■ **EXERCISE INSTRUCTIONS**
An exact reprint of the listing is required, with no pictures included.

** GIVEN MATERIAL follows **

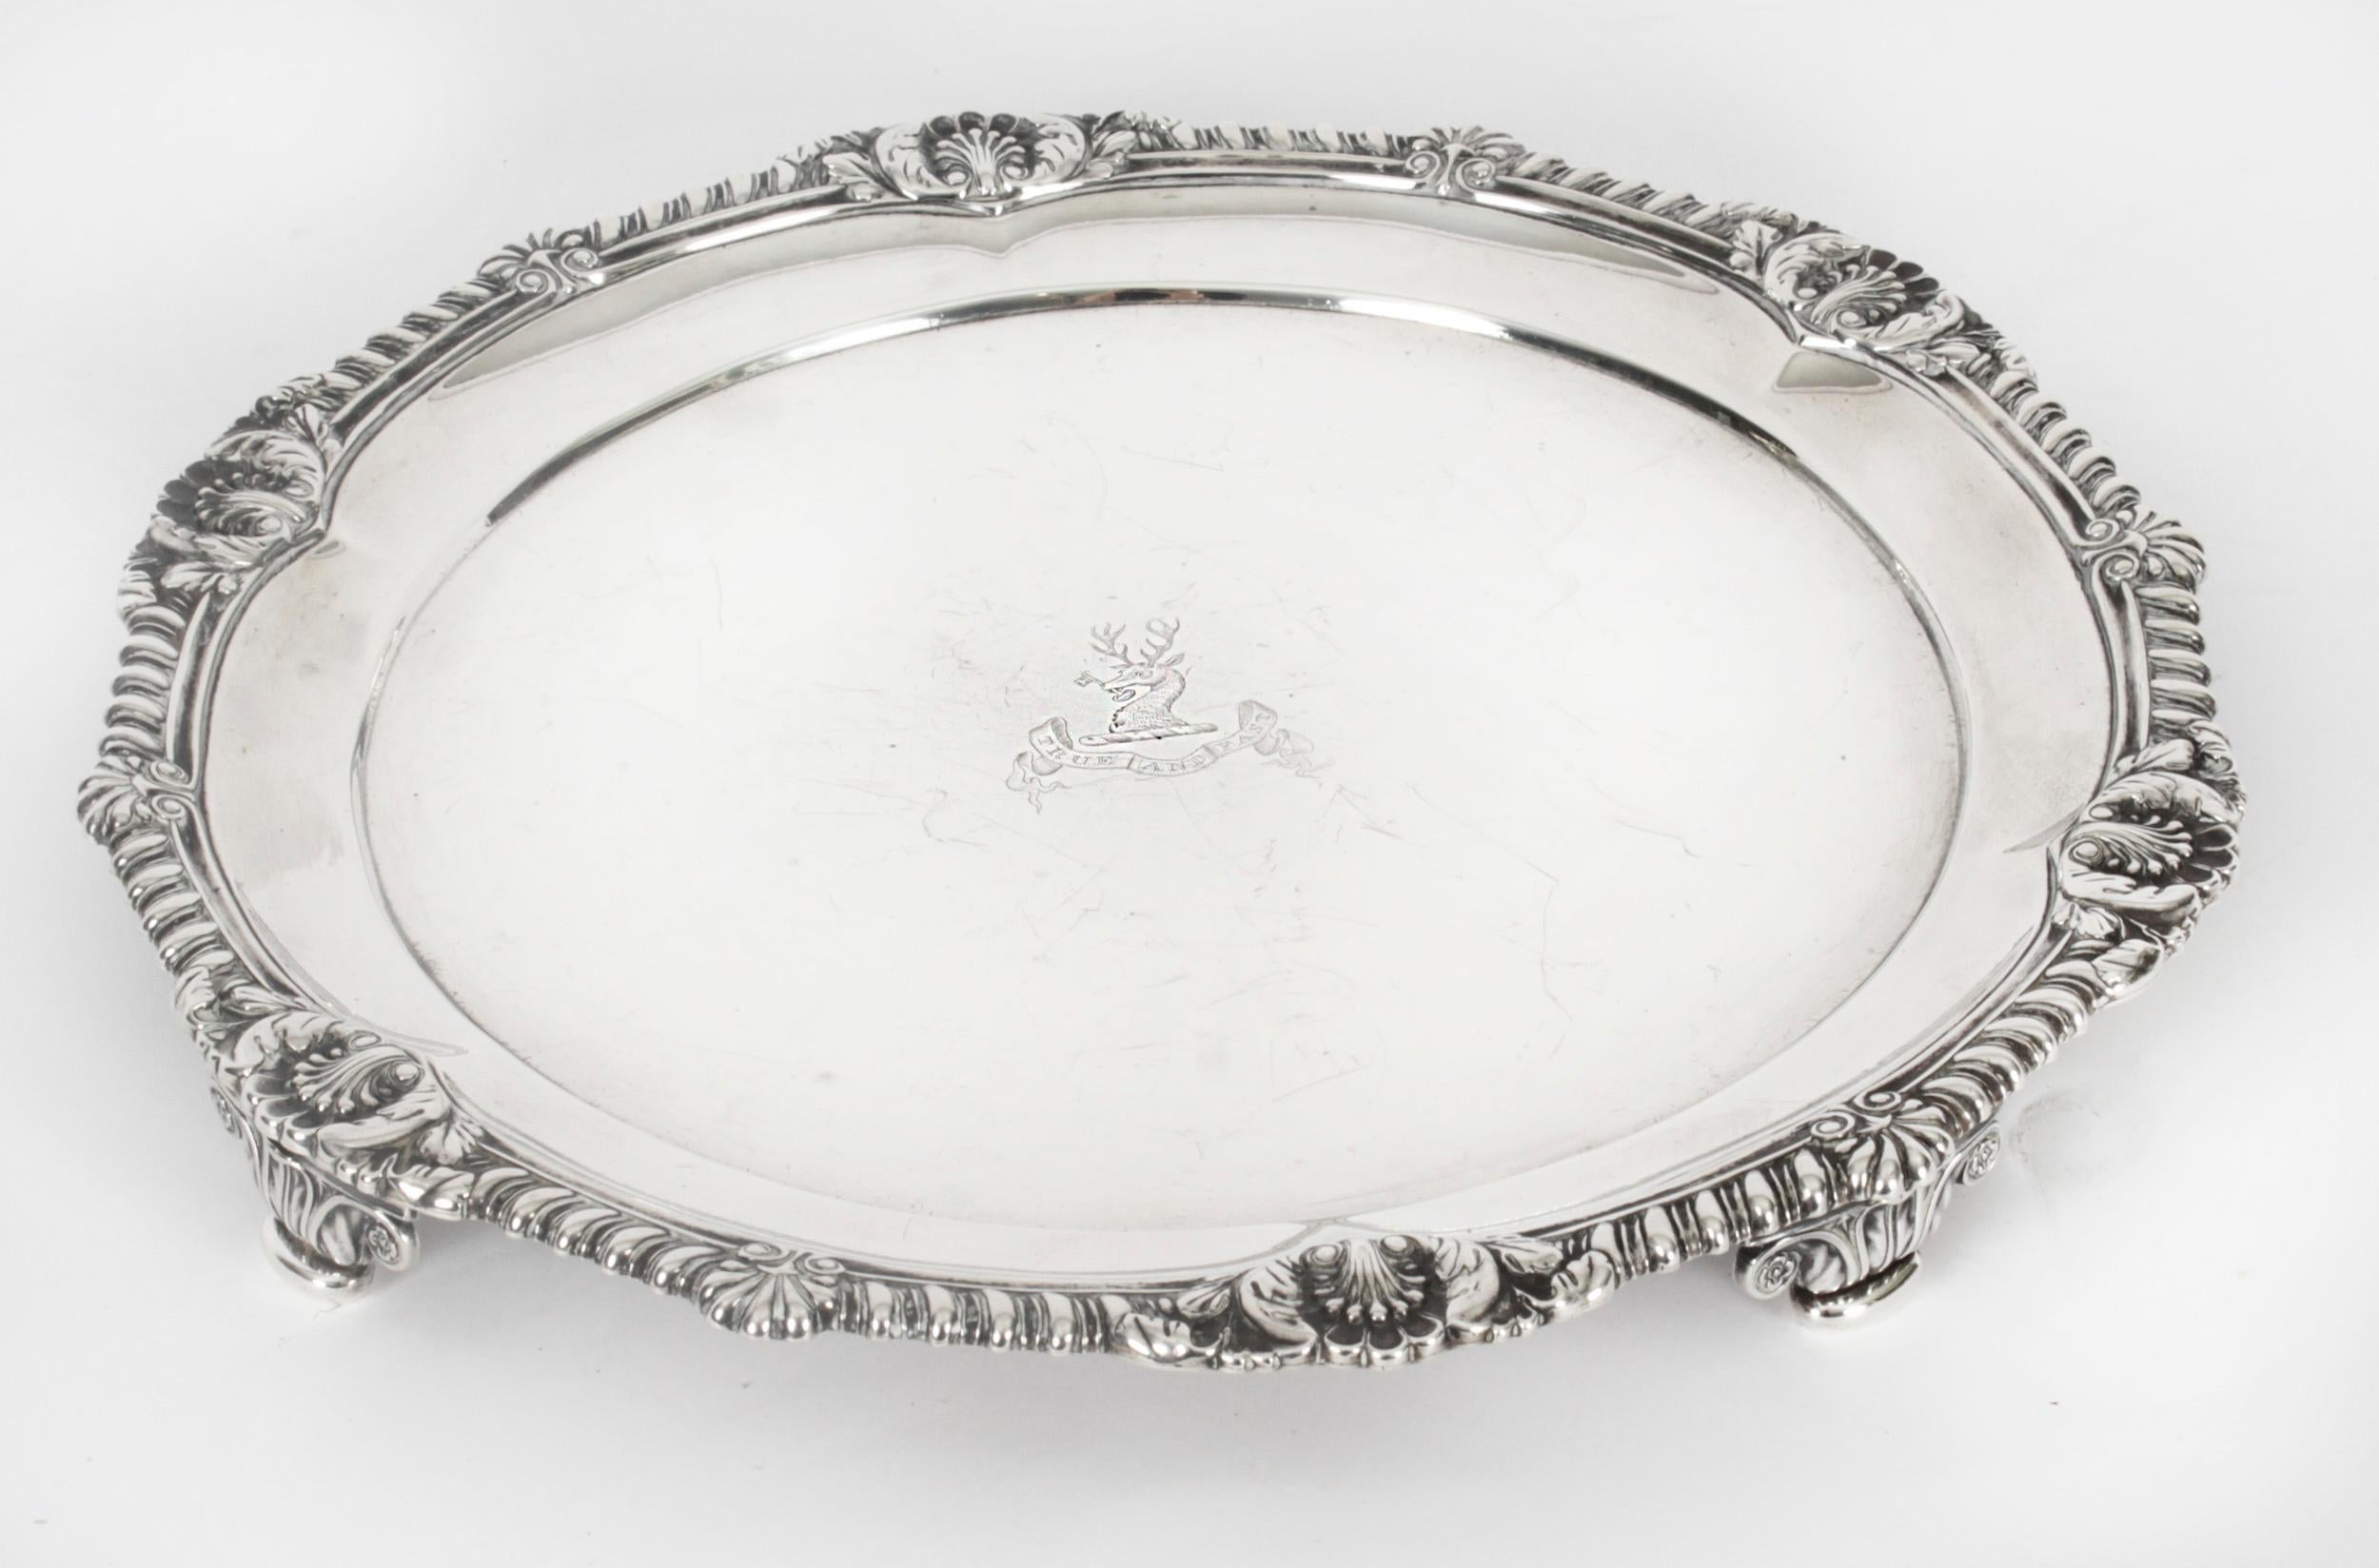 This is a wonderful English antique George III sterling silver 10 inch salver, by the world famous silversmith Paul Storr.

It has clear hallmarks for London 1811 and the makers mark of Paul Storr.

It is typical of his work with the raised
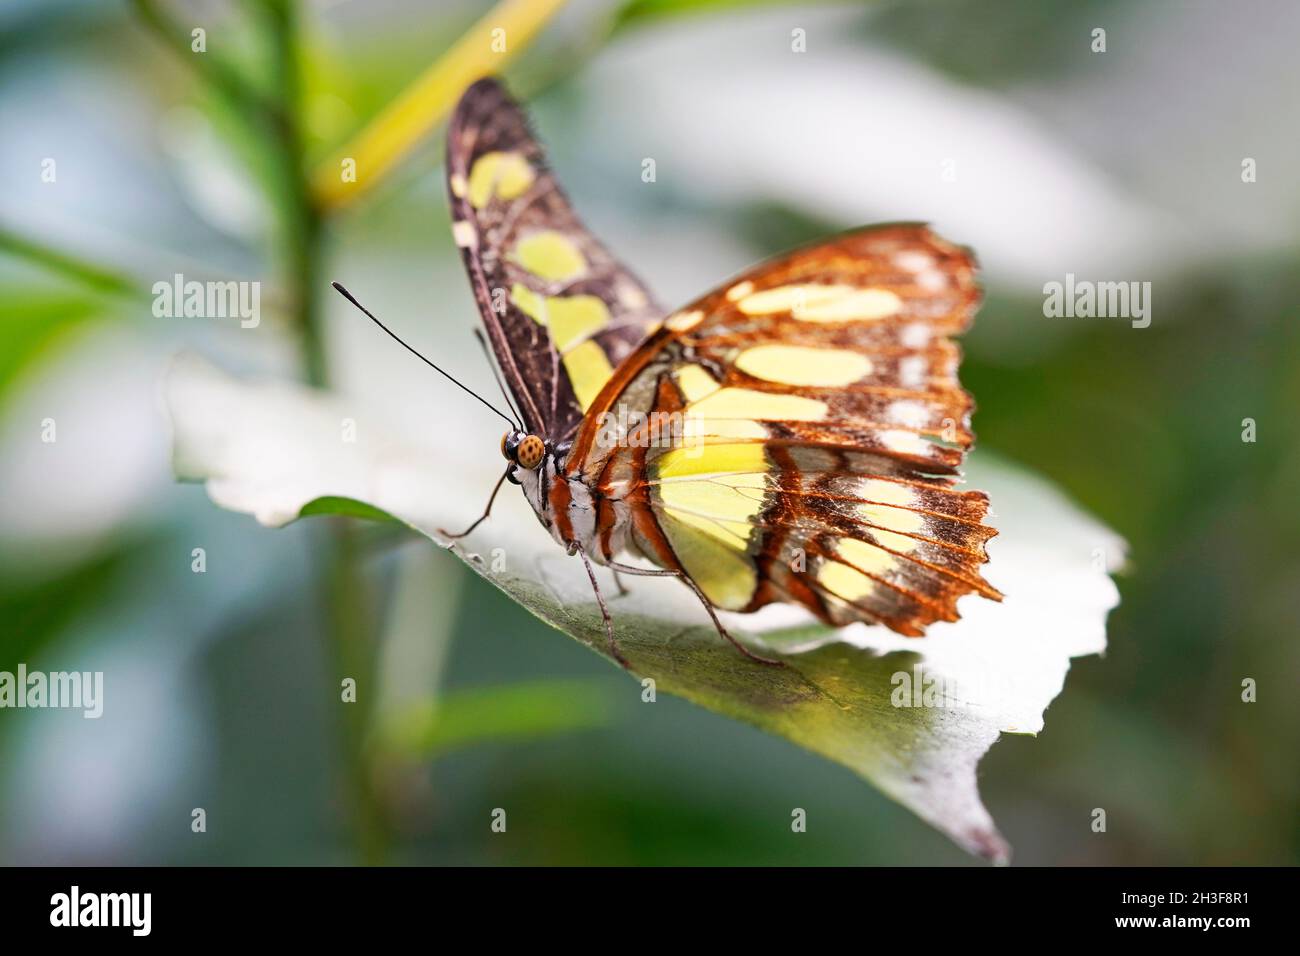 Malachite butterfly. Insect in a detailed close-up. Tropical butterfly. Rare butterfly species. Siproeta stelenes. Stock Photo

** End of GIVEN MATERIAL **

■ **REPLY TO THE EXERCISE**
 This is a wonderful English antique George III sterling silver 10 inch salver, by the world famous silversmith Paul Storr.

It has clear hallmarks for London 1811 and the makers mark of Paul Storr.

It is typical of his work with the raised
 Malachite butterfly. Insect in a detailed close-up. Tropical butterfly. Rare butterfly species. Siproeta stelenes. Stock Photo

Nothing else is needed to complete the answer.